山岳トンネルの自動化施工システム「A4CSEL for Tunnel」が完成!
~切羽での災害ゼロ、省力化、生産性向上を目指して 掘削作業の自動化・遠隔化を実現~
鹿島(社長:天野裕正)が2017年から開発を進めてきた、次世代の山岳トンネル自動化施工システム「A4CSEL for Tunnel」(クワッドアクセル・フォー・トンネル)が完成しました。2018年からは模擬トンネル(静岡県富士市)、2021年からは実坑道である神岡試験坑道(岐阜県飛騨市)にて、山岳トンネルの掘削作業6ステップの自動化に向けた開発を進め、このたび、神岡試験坑道において6ステップすべての自動化・遠隔化に成功しました。
鹿島は今後、「A4CSEL for Tunnel」を他の工事に順次導入し、さらなる機能追加・改良を加えながら労働災害の発生リスクが大きい切羽付近での災害ゼロ、ならびに省力化および生産性向上を目指してまいります。
【開発の背景】
建設業界では、「熟練技能者不足」、「高い労働災害の発生率」、「低い生産性」が喫緊の課題であり、山岳トンネル工事も例外ではありません。
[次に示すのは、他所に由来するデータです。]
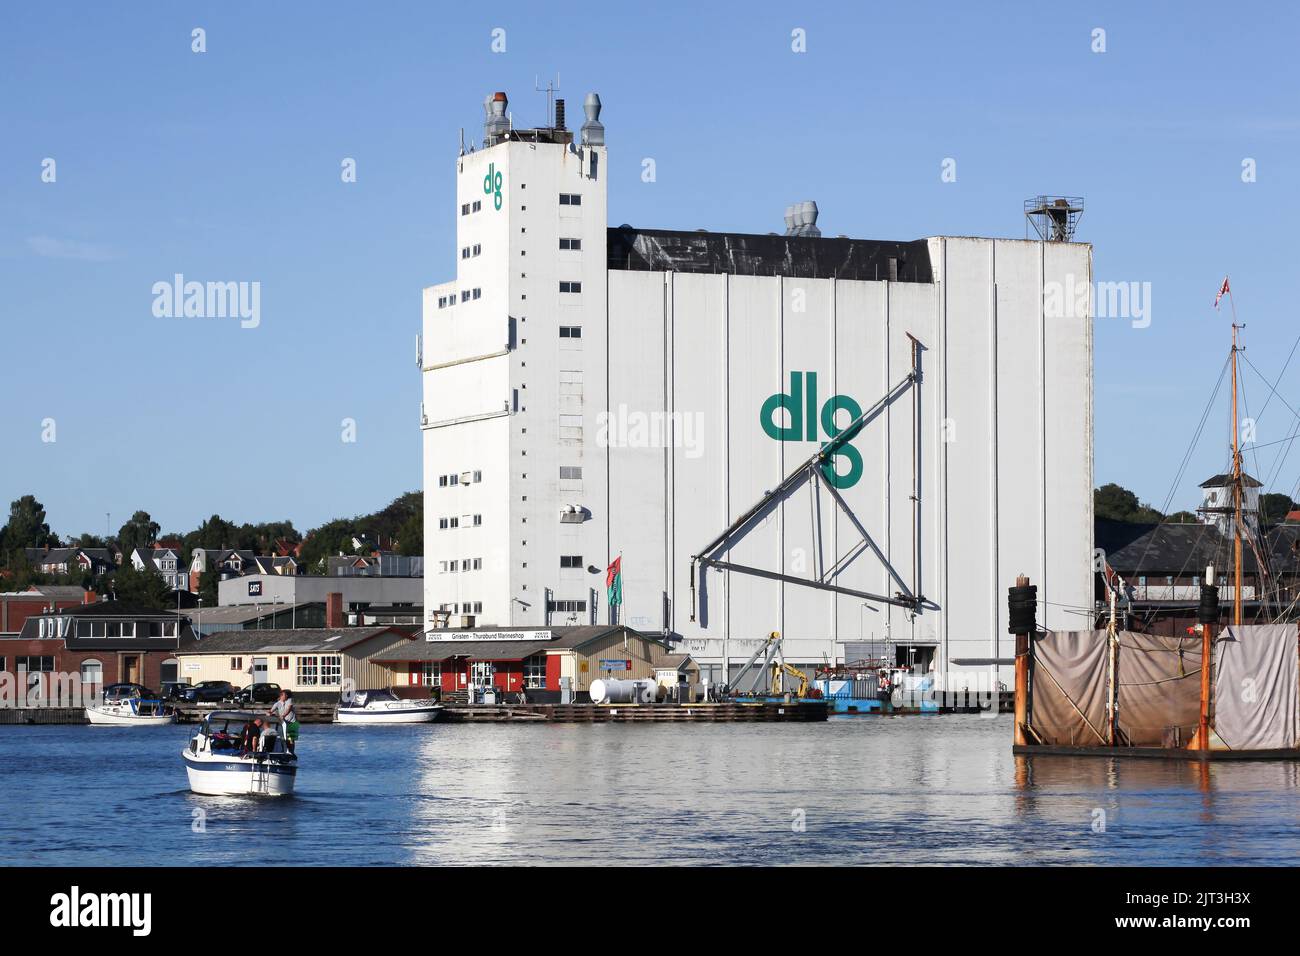 Svendborg, Denmark - July 31, 2020: View of the harbor of Svendborg in Denmark Stock Photo

そこで当社は、これらの課題解決に向けて「A4CSEL for Tunnel」の開発を進めてきました。これは、山岳トンネル工事の掘削作業を6つの施工ステップ①穿孔 ②装薬・発破 ③ずり出し ④アタリ取り ⑤吹付け ⑥ロックボルト打設 に分け、各ステップで使用する重機を自動化し、それらを一元管理する次世代の建設生産システムです。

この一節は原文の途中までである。